Input data.
____________________
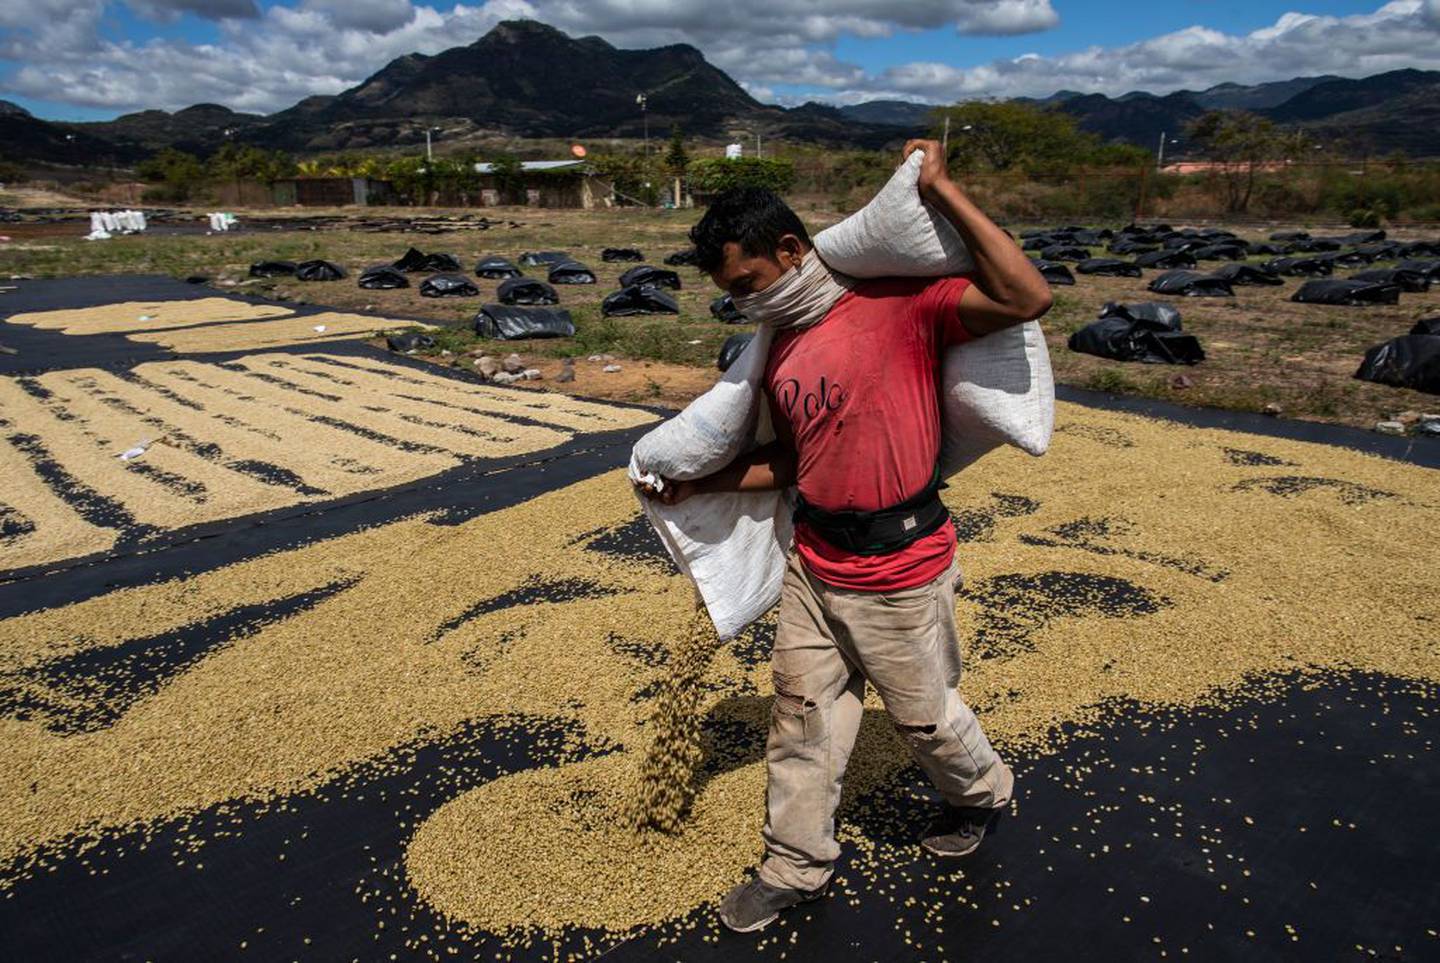 Un trabajador de la plantación vierte sacos de arpillera llenos de granos de café y los esparce para que se sequen al sol en la finca de café La Hammonia el 02 de febrero de 2021 en Metagalpa, Nicaragua.
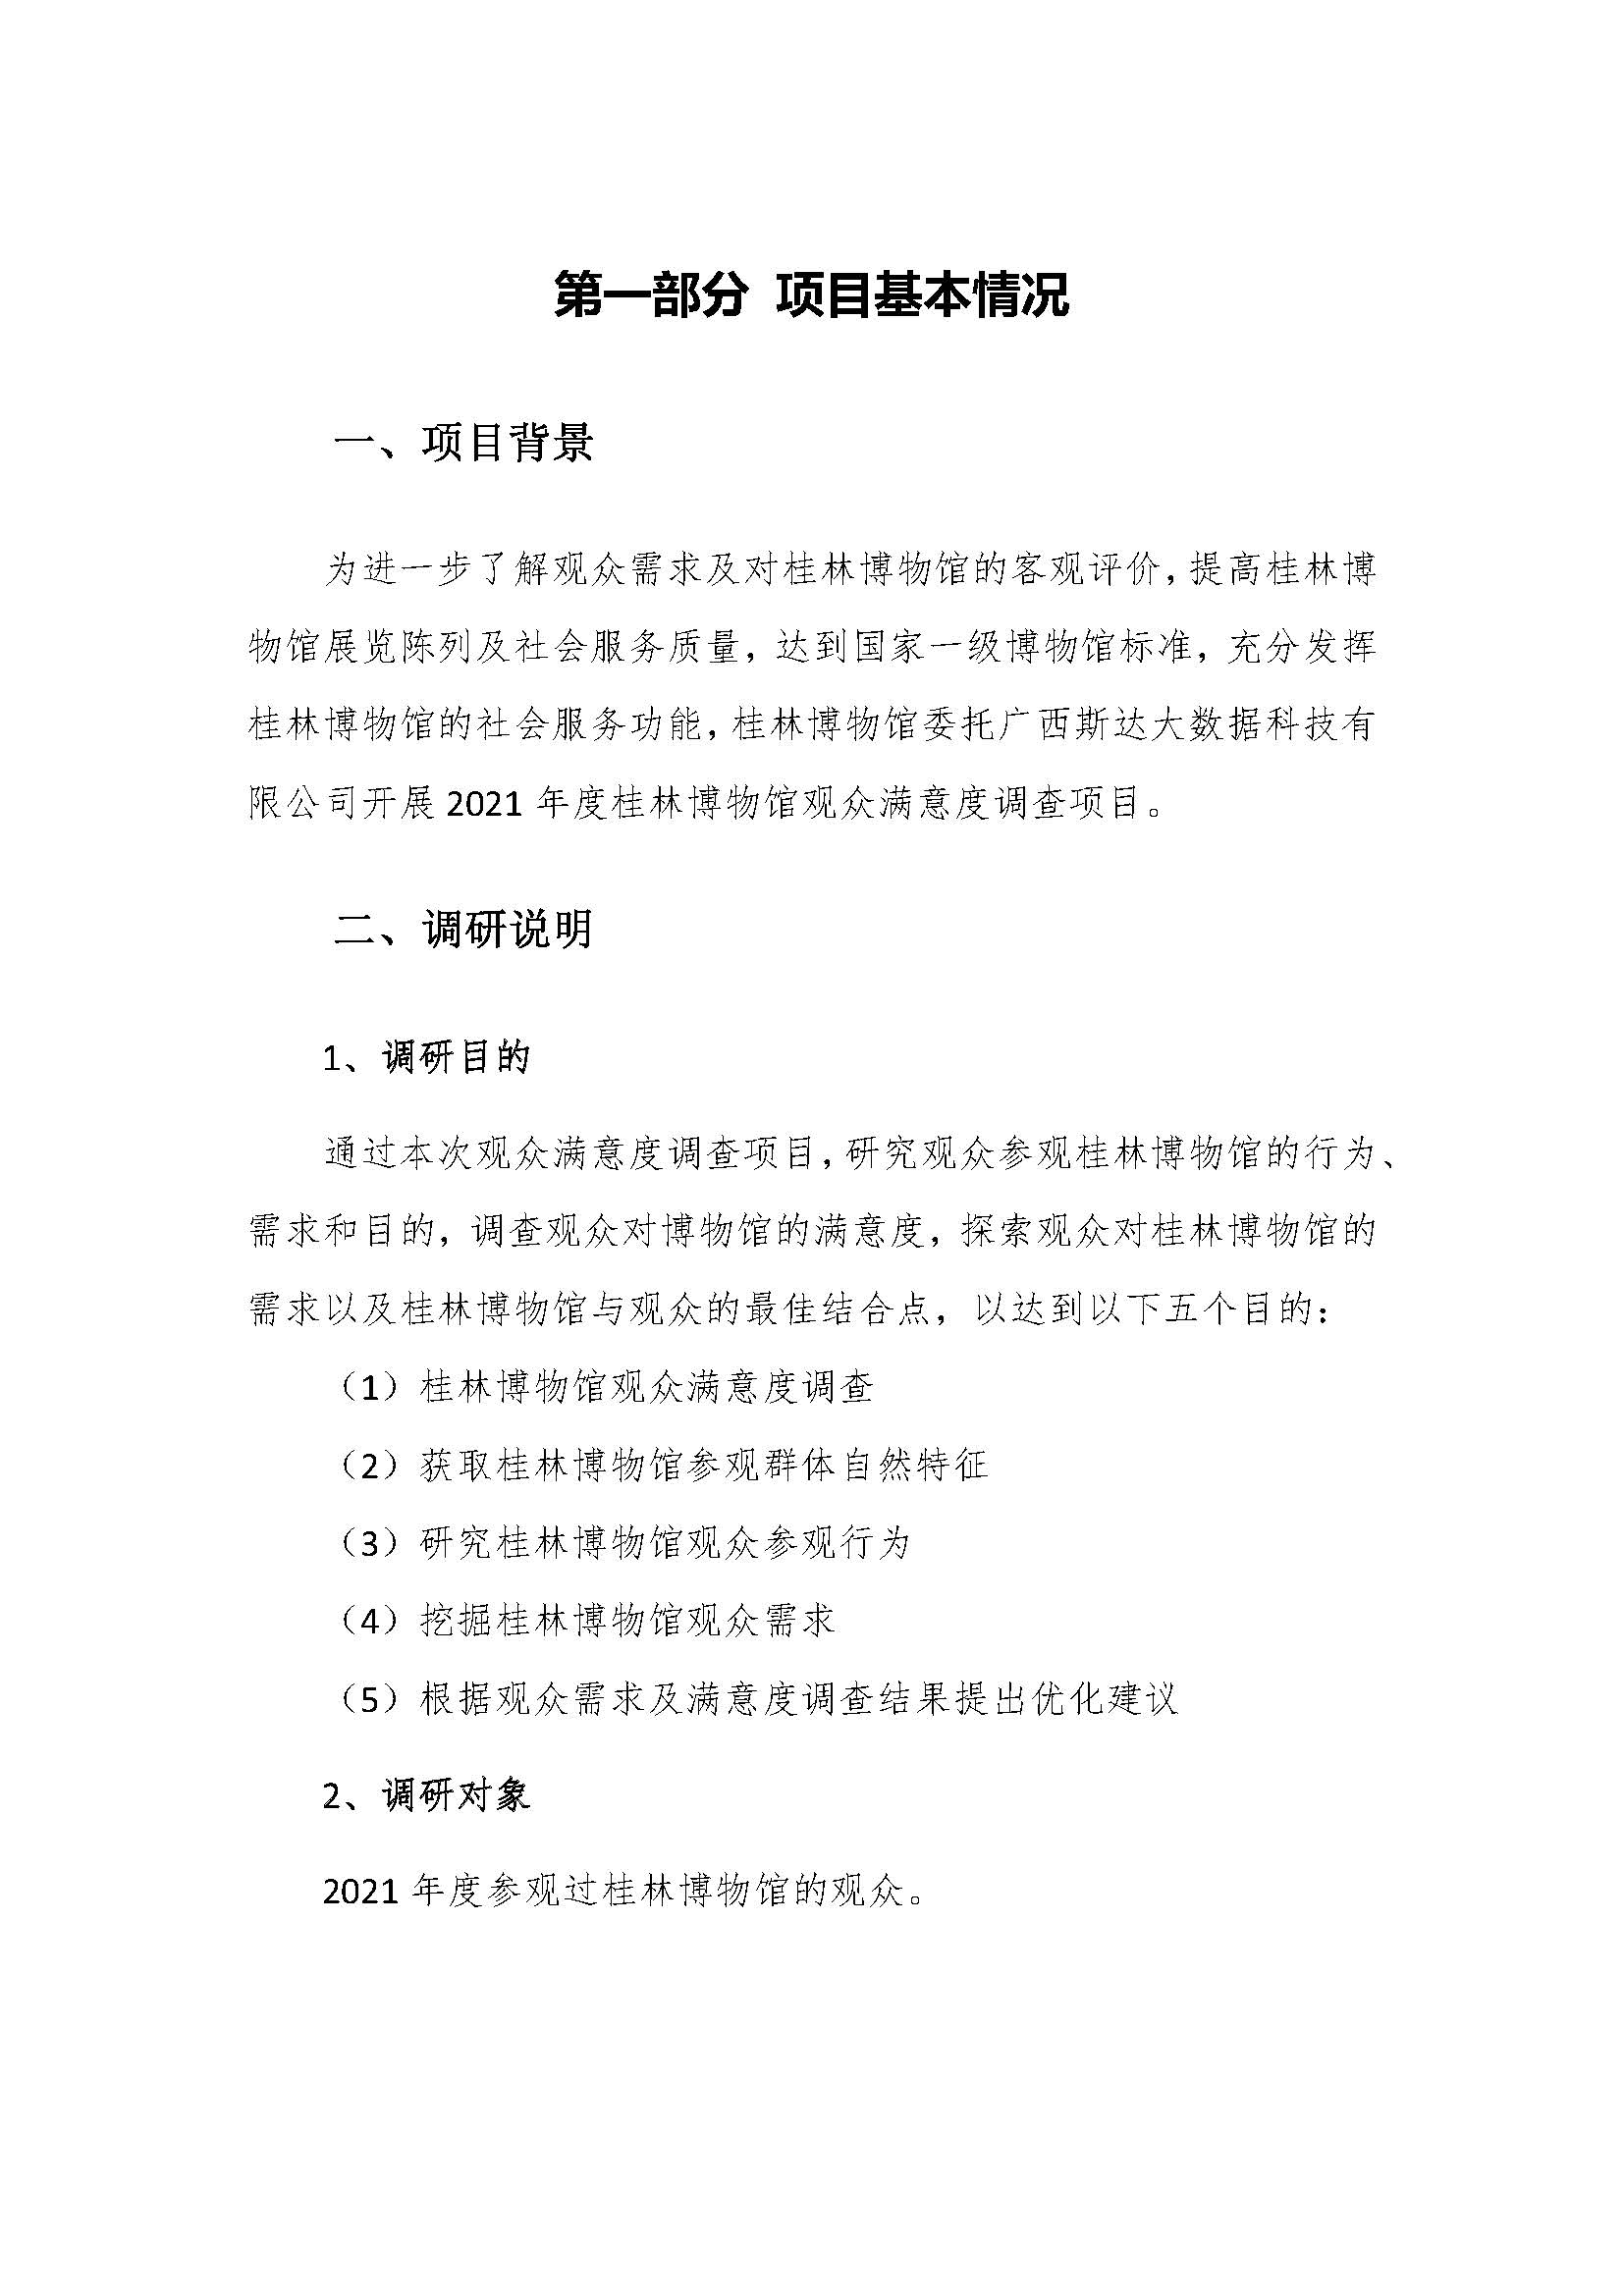 2021年桂林博物馆参观观众满意度调查报告_v3_页面_04.jpg
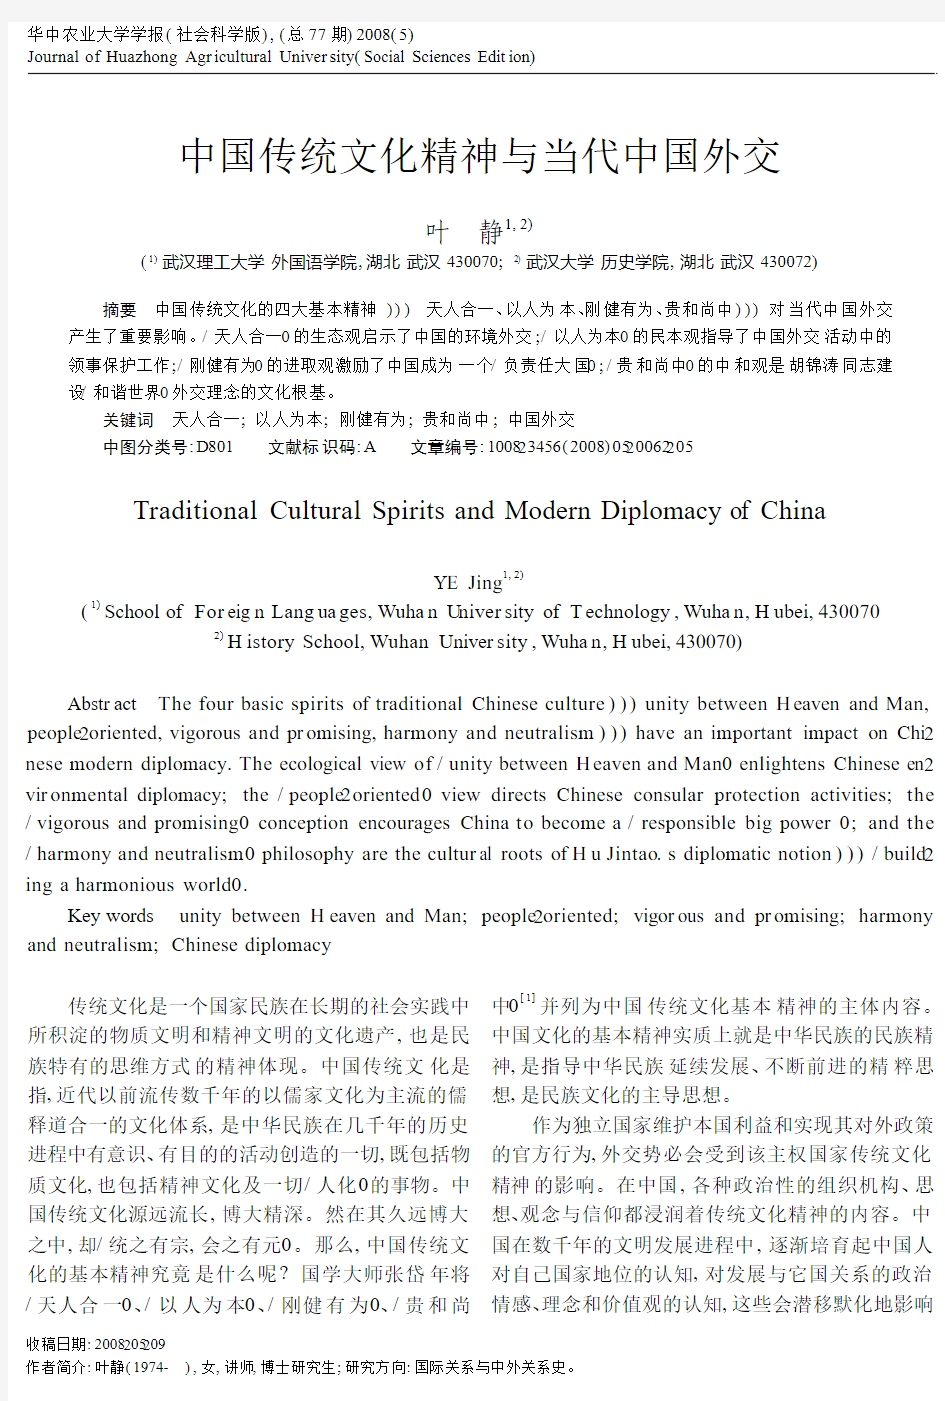 中国传统文化精神与当代中国外交
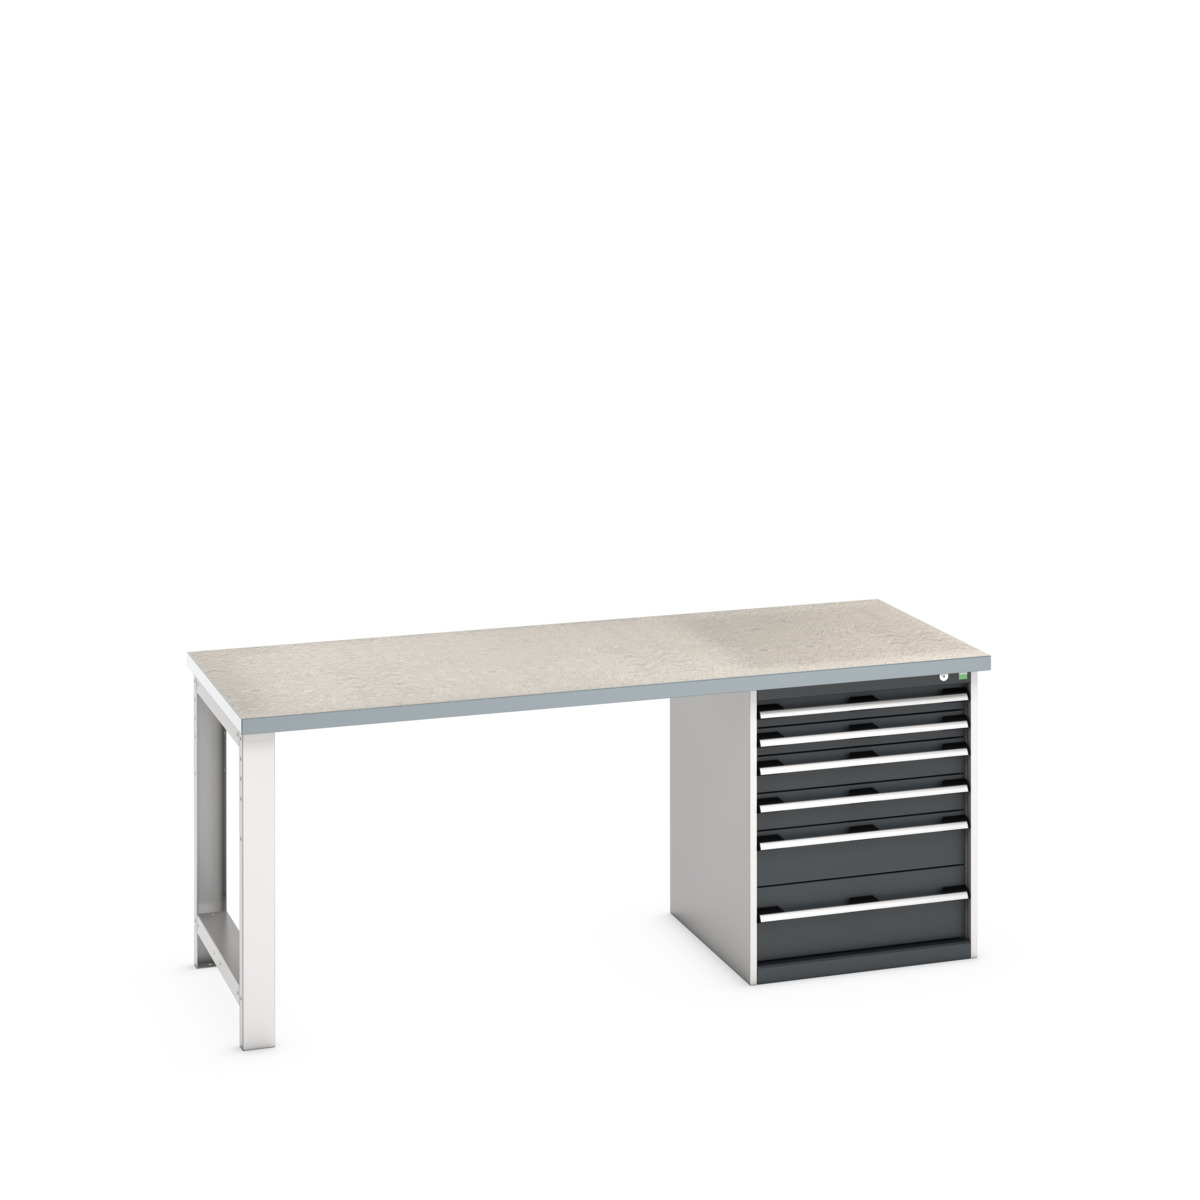 41004116.19V - cubio pedestal bench (lino)
____________________
To do. Please reproduce the listing exactly, leaving out any pictures.

Exercise response.
 Un trabajador de la plantación vierte sacos de arpillera llenos de granos de café y los esparce para que se sequen al sol en la finca de café La Hammonia el 02 de febrero de 2021 en Metagalpa, Nicaragua.
 2021年桂林博物馆参观观众满意度调查报告_v3_页面_04.jpg
 中国传统文化精神与当代中国外交
 41004116.19V - cubio pedestal bench (lino)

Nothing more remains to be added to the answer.